Transcript: Offensive Coordinator/Wide Receivers Coach Todd Monken Introductory Press Conference: Thursday, January 28, 2016

(Opening statement)
“I can say that I’m fired up to be here. A couple weeks ago, I didn’t see this coming. I was obviously very excited for Dirk and his opportunity and I’m just very excited to be a part of it and see this thing through for Coach Koetter and the Tampa Bay organization.”
 
(On his hiring process)
“The process began maybe a little over a week ago.”
 
(On his role and balancing offensive coordinator duties with coaching wide receivers)
“Well, first off, my number one responsibility is to maximize the measureable skillset of our wide receivers. That’s that number one job, is to make sure that I do my part with that room to help this offense continue to climb. Then the second part is, as we’re going through discussions, Coach Koetter and I, as to where that fits the organization during the week, there’s more to it than just calling the plays, the 60 or 70 plays in a game. I think both Dirk in his new role and my role here, that will continue to be an ongoing discussion.”
 
(On why he chose to leave Southern Mississippi for this position)
“It’s a special opportunity – it really is. I believe that. It doesn’t come around every day, where you have an opportunity to be at the highest level and be with Dirk Koetter, who I’ve got an unbelievable respect for. Obviously we’re friends, but that has nothing to do with the profession. And with a young, talented team that I think is on the climb, I wanted to be a big part of that. I enjoyed my time at Southern Miss. I’ve got a lot of great friends there; we did some great things, but I’m really looking forward to every day, every week, every month, doing my part to see us continue that climb. There’s a lot that goes into it, a lot that is personal to me and what I want to see, but these opportunities don’t come around every day, they really don’t. At the end of the day, as much as I enjoyed my time there, I wanted to be in that chair upstairs.”
 
(On if he was anxious to return to the NFL)

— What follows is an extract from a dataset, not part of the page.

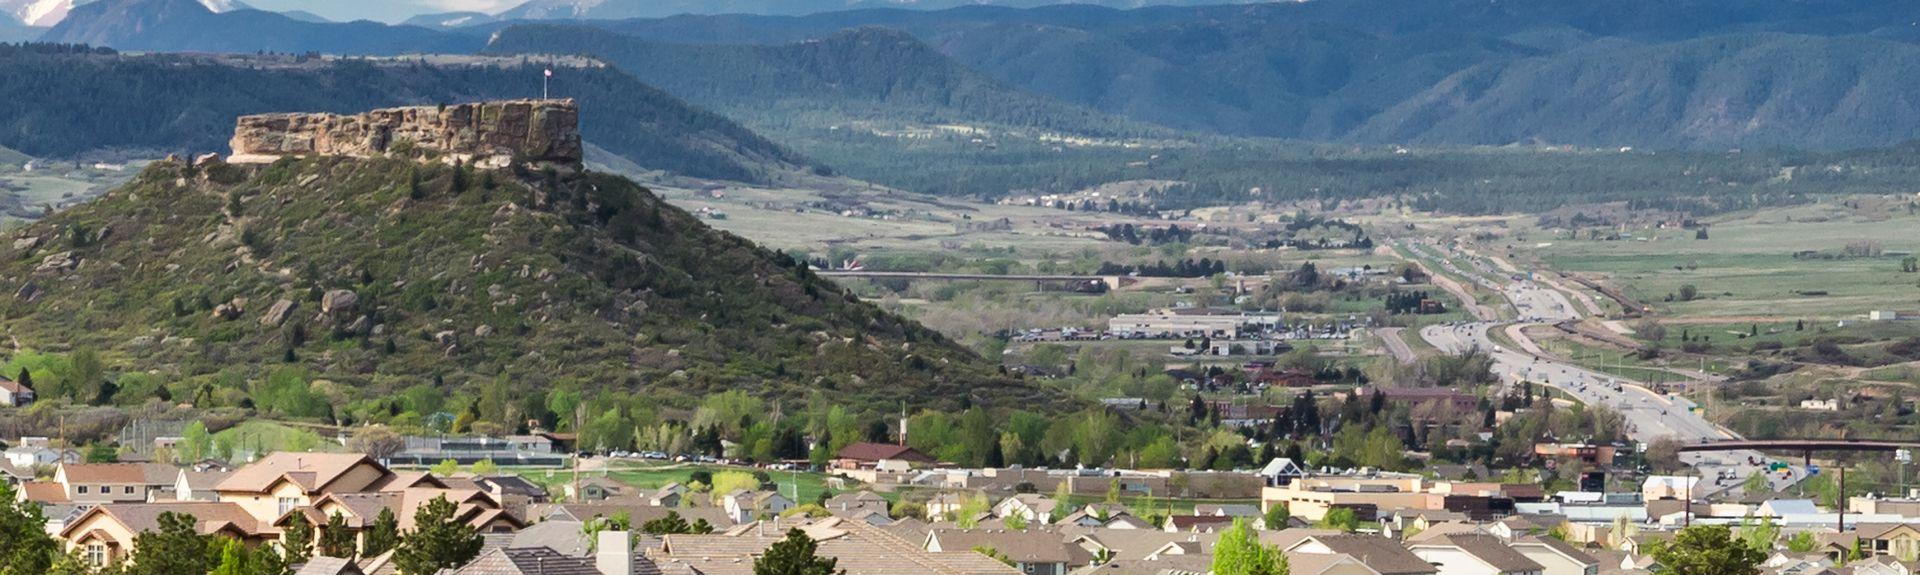 Castle Rock, Colorado, Estados Unidos

“I think in our profession, you learn to take every day and enjoy [it]. I love coaching. That’s what I do. All of my family is in high school coaching and my cousin is the head coach at Army. So I grew up in a coaching family. I love to coach. I love to be around to the players, I love trying to do it better than they do it. I don't really think about tomorrow, I think about today. And then the next day comes and I think about where I want to be at that time in my career. When this opportunity came up, this is where I wanted to be. I really hadn’t thought about this, that or another with possibilities – that doesn’t enter into my world. What enters into my world is what do I want to do next, and I wanted to be here.”
 
(On whether the talent level in Tampa Bay impacted his decision to take the job)
“Yes, it made a big difference. This is a game about talent. It starts with having talent. You’ve got to have talent, you’ve got to have people in position to draft talent. So my belief in the last couple of drafts and [General Manager] Jason [Licht] and their group in terms of what they’ve done over the last couple of years, my belief in Coach Koetter and Coach Smith and the staff that’s been assembled – all of that is a big part of it.”
 
(On why he is excited to work with Koetter)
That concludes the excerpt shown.